EXERCISE DESCRIPTION | Retype all of the listing exactly, with no pictures.

SOURCE DATA |
[Start of Attachment]

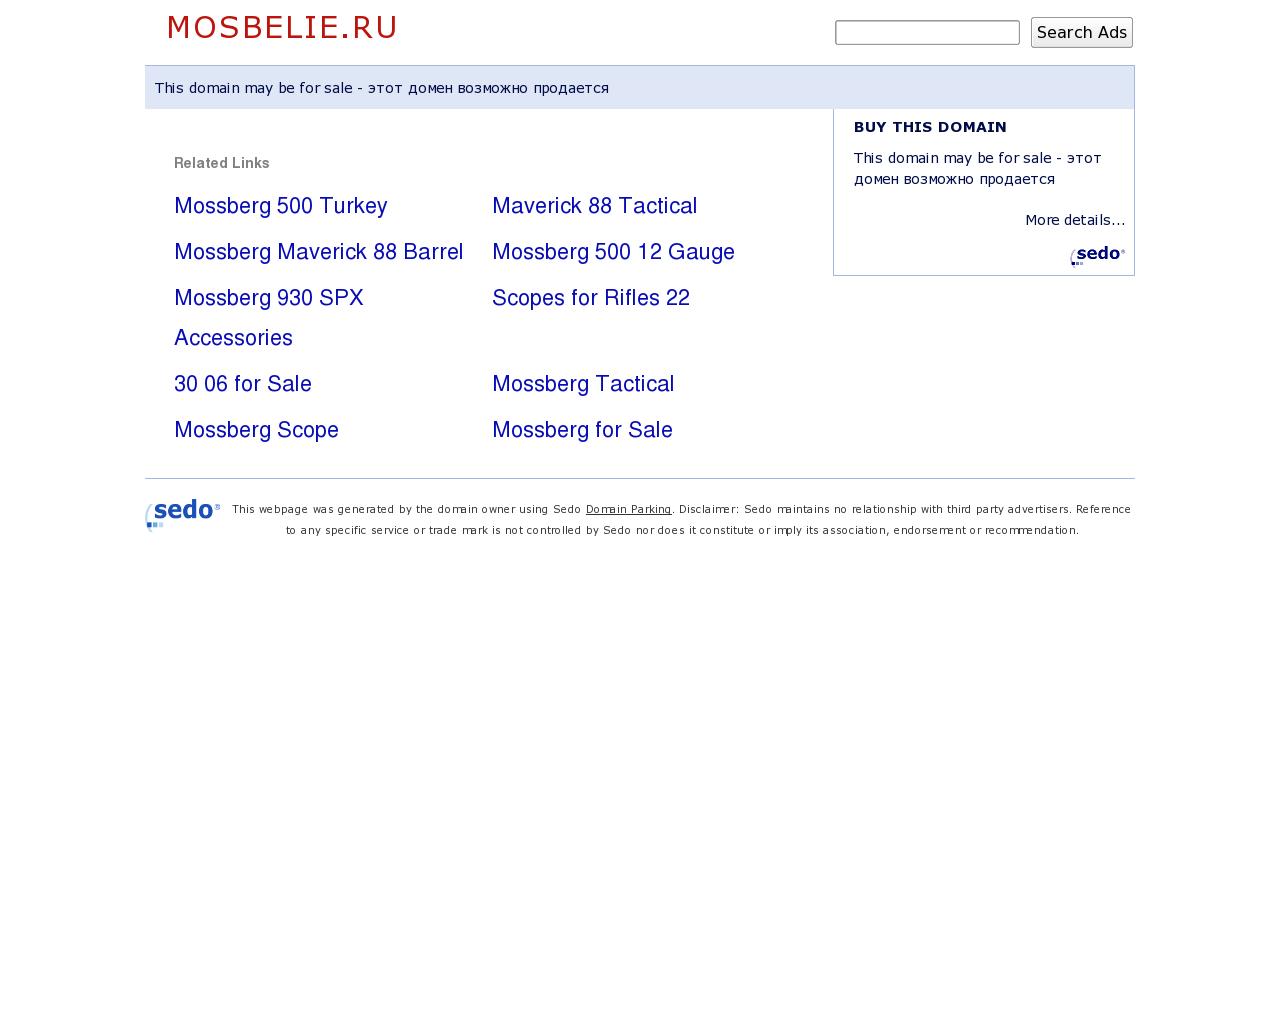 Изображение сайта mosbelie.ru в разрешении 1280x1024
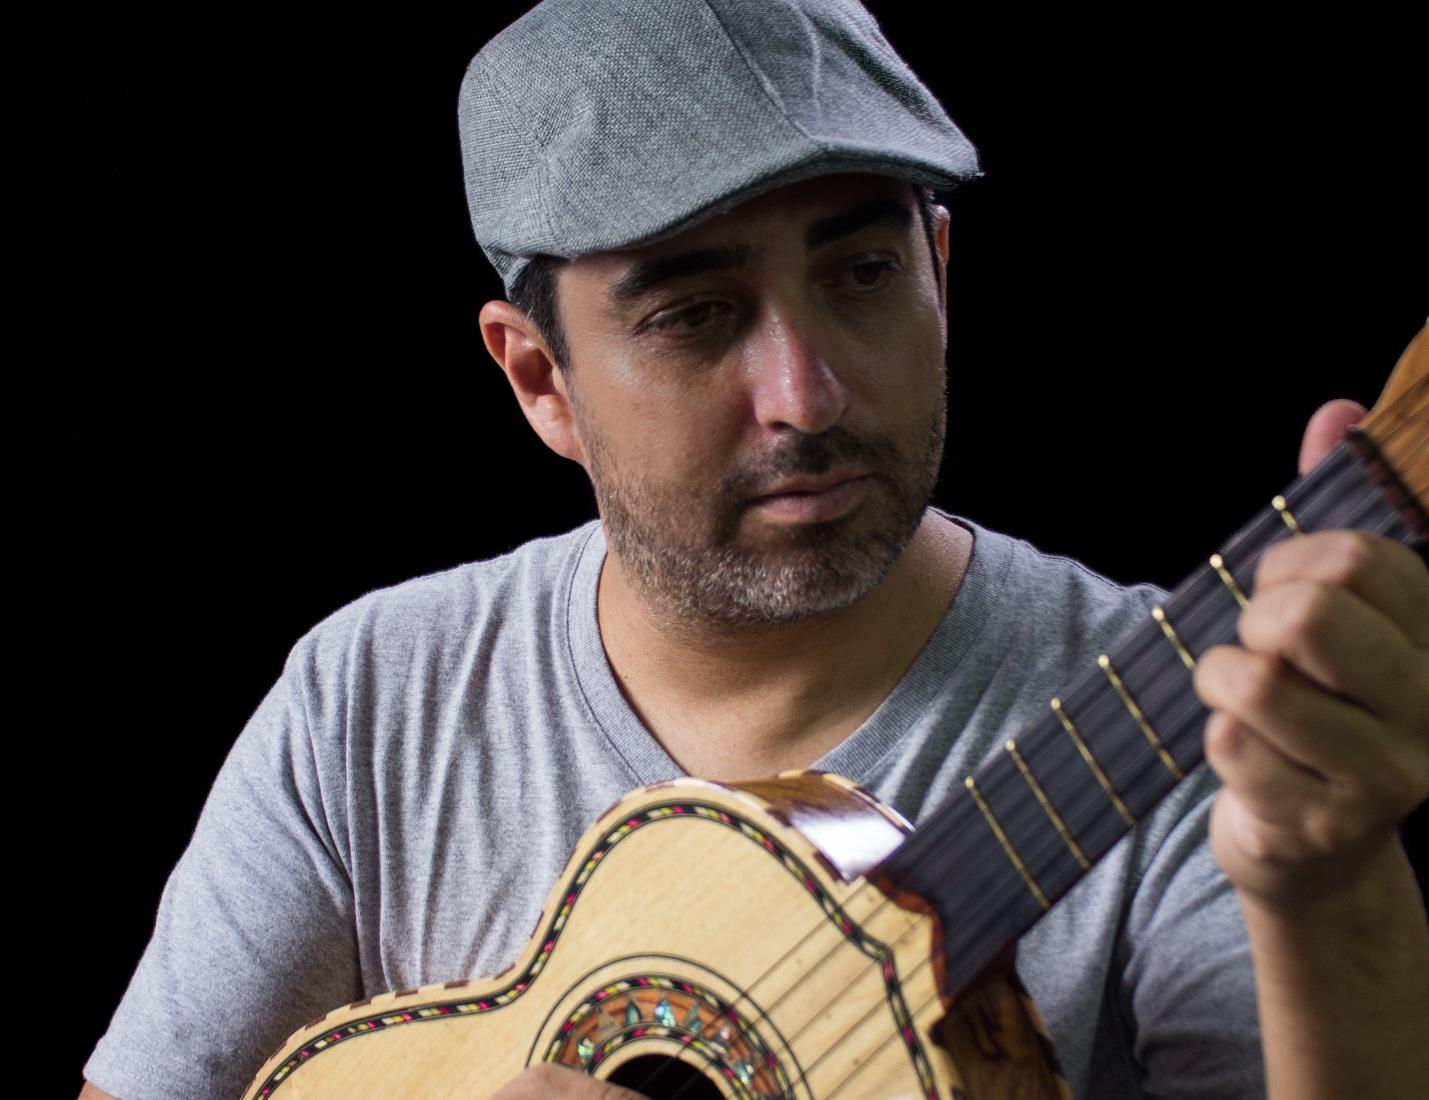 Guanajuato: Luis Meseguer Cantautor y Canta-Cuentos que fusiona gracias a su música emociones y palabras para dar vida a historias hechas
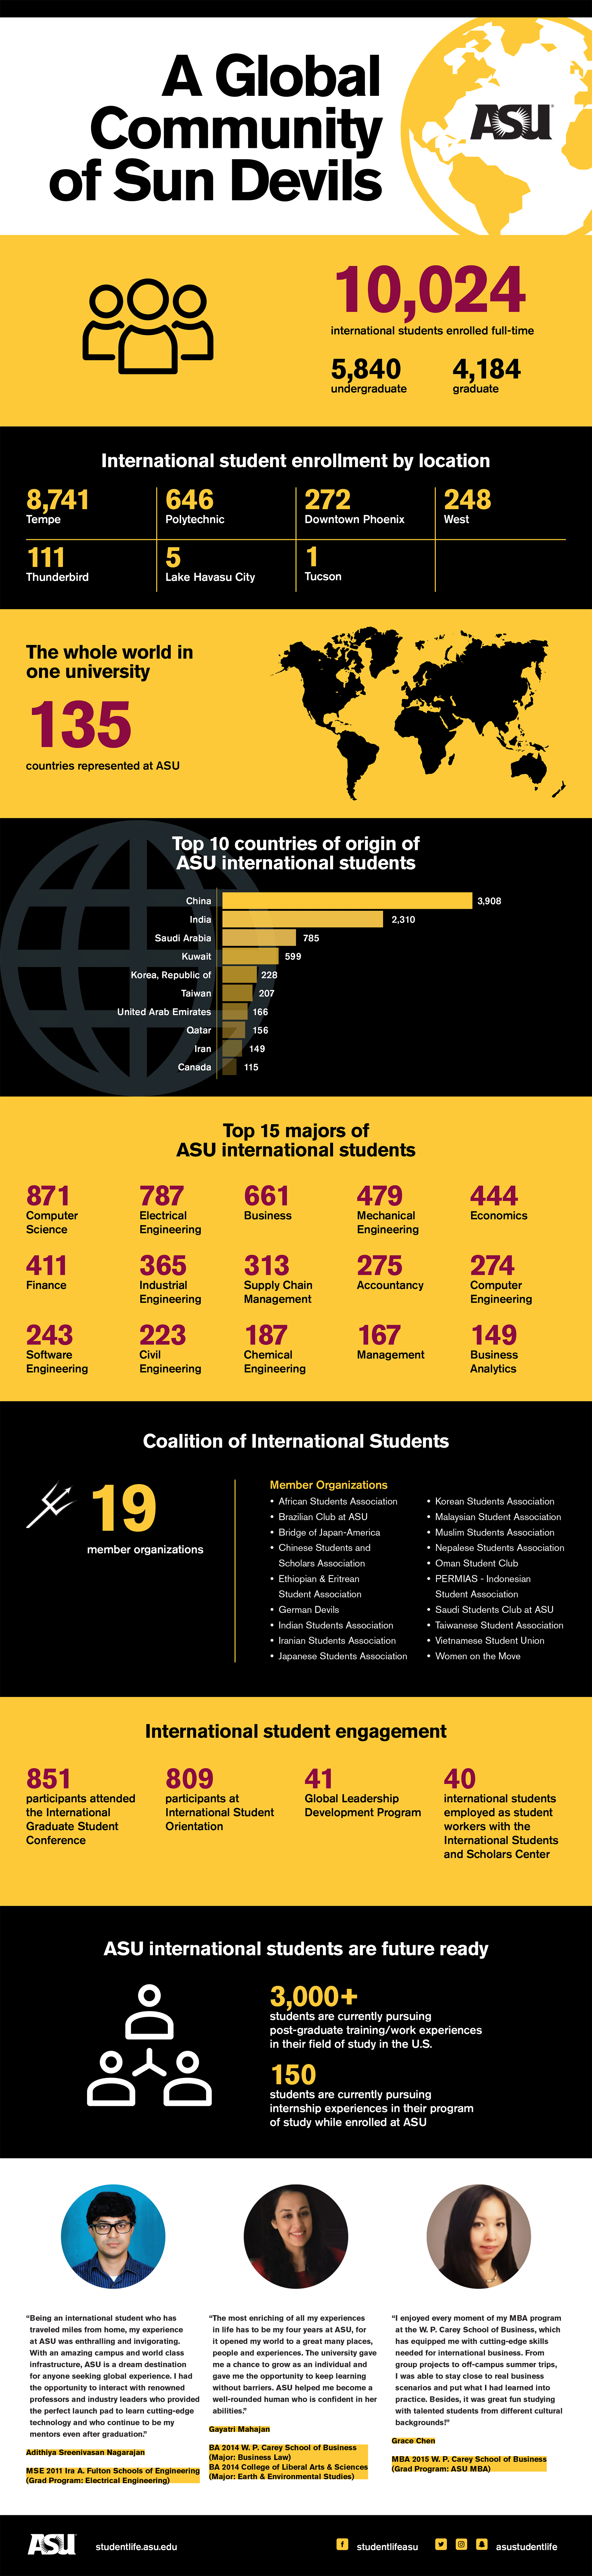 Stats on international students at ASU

[End of Attachment]

RESPONSE TO THIS EXERCISE |
 Изображение сайта mosbelie.ru в разрешении 1280x1024
 Guanajuato: Luis Meseguer Cantautor y Canta-Cuentos que fusiona gracias a su música emociones y palabras para dar vida a historias hechas
 Stats on international students at ASU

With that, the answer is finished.